Some colleagues suggest that divorce should be failure based. That one should only prove that the marital union has failed to work without having to prove that their spouse is a bad person or that there had been wrongdoing on their part. They say that it is even more unreasonable, where parties agree that their marriage has failed, for the State to demand justification for the failure as a precondition for divorce.

That the State should only be concerned with anciliary issues of marital property and the welfare of the minor children and that marriage should not be reduced to an ordinary contract capable of enforcement by the impersonal remedy of specific performance.

There is some reason in the proposition for accountability. Marriage has far reaching consequences on the personal status and social relations of the parties. It even has consequences on their legal decisions and economic lives. To promote unilateralism within such a context is to be unmindful of the emotional, legal and social implications of the institution.

Some judges would readily grant a divorce order, however light the reasons, on the realisation that the marriage has no future.
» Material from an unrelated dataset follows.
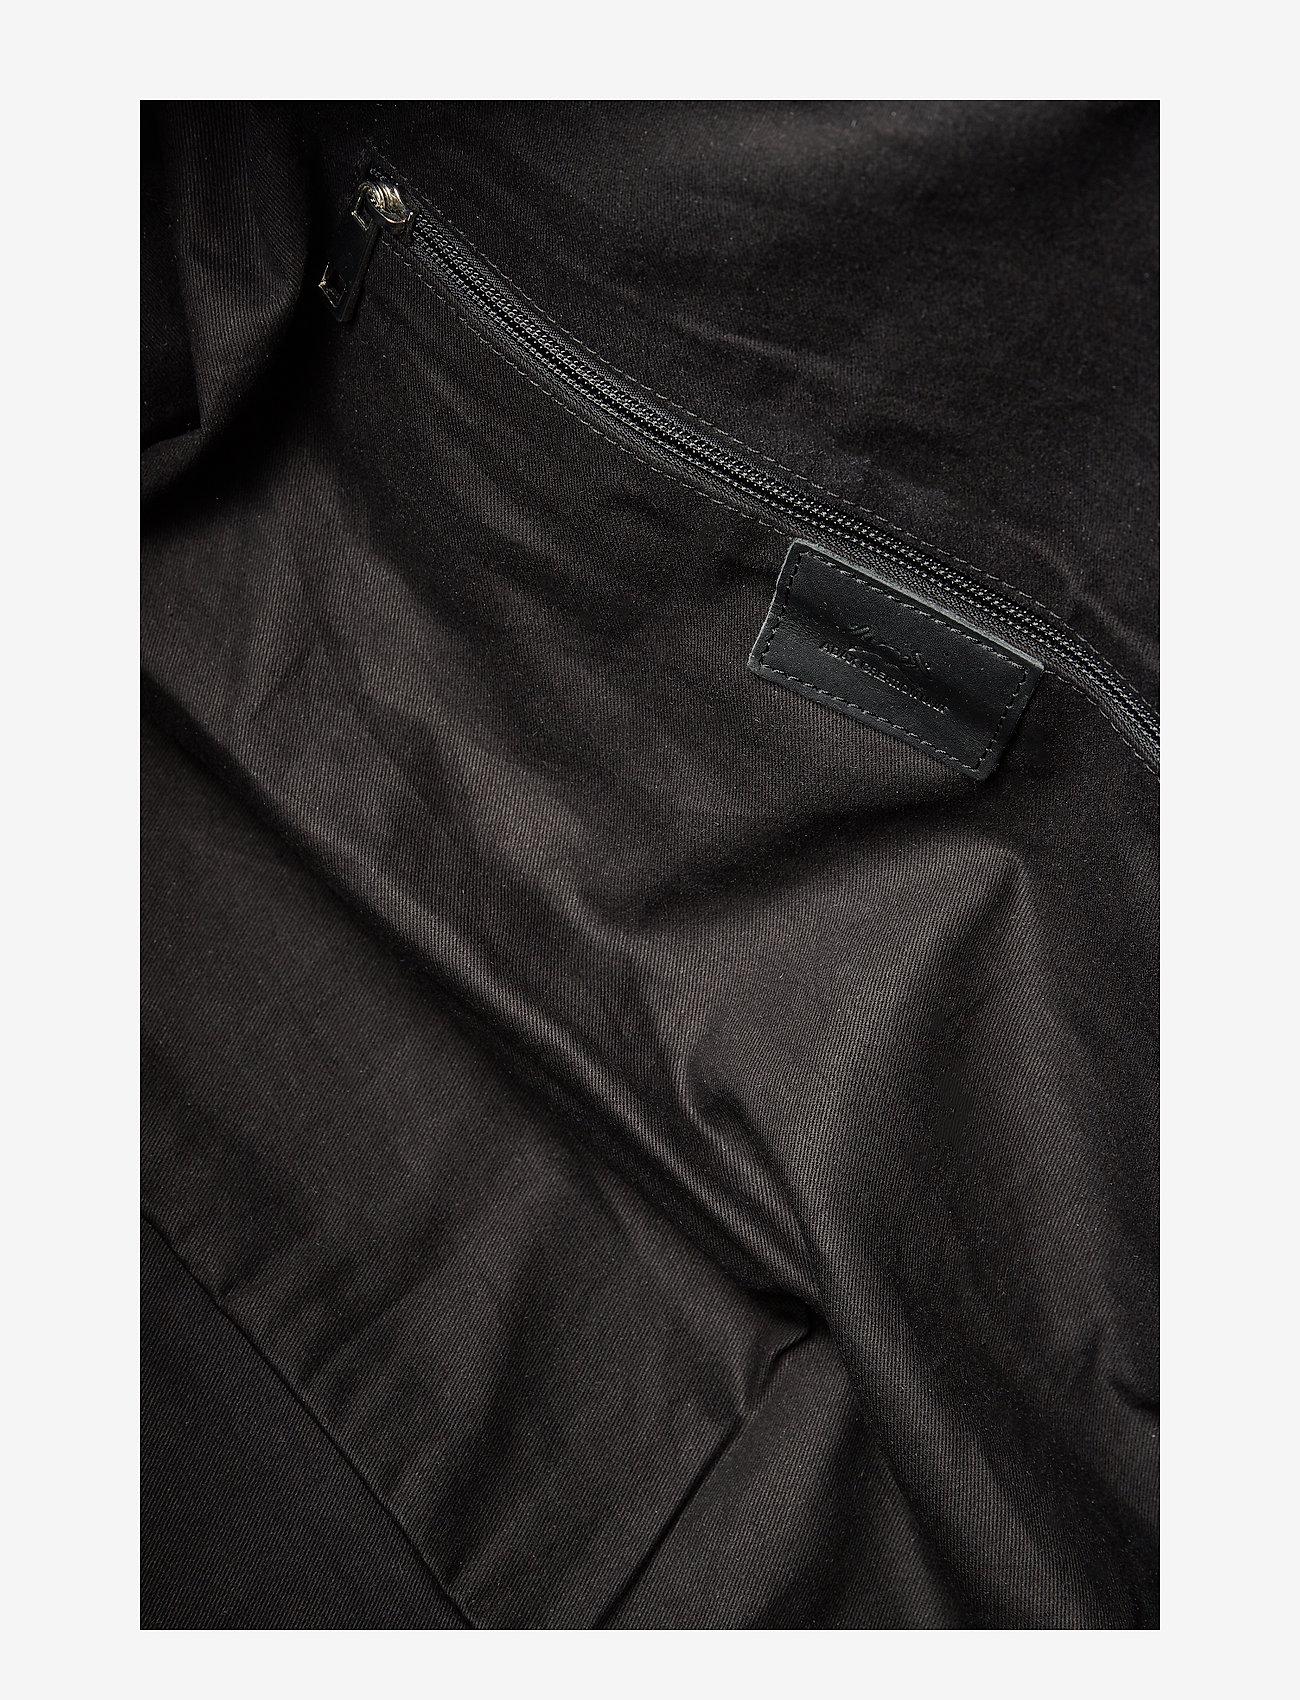 Adax 299146 Black - Weekend & Gym Väskor

I have heard one remark that when you force a person to live with someone they don’t want to live with and may in fact no longer like, you are setting up the stage for abuse at best and for murder, at worst.  A declined divorce case may well come back as a murder case.

I did a case once. We resisted a divorce for about two years. She would not budge. As the acrimony heightened and the costs escalated, reality dawned on her that the resistance was actually pushing her even further away from her obstinate husband. She eventually let go and the divorce order was granted. It was a bitter pill, but a necessary one.

About a year passed before I saw her again. She had come to tell me she was getting married and that she had found new love. I cannot say that people should not resist divorces where they consider it warranted. Marriage like divorce are personal decisions. Some resist for religious reasons. Some resist because the divorce grounds are false and spiteful. 

I simply say that society needs some commence dialogue on the law of divorce. It is too accusatorial and its application results in more hurt than healing. It cannot be demanded, justifiably, that people who come to court saying that they no longer wish to stay together should be refused that choice on the simple reason that they are unwilling to accuse each other.

Parties suffer too much hurt and expense justifying to society, why they should be allowed to separate. We must instead focus on training more counsellors and assisting couples access free counselling to save their marriages. That’s   society’s proper role.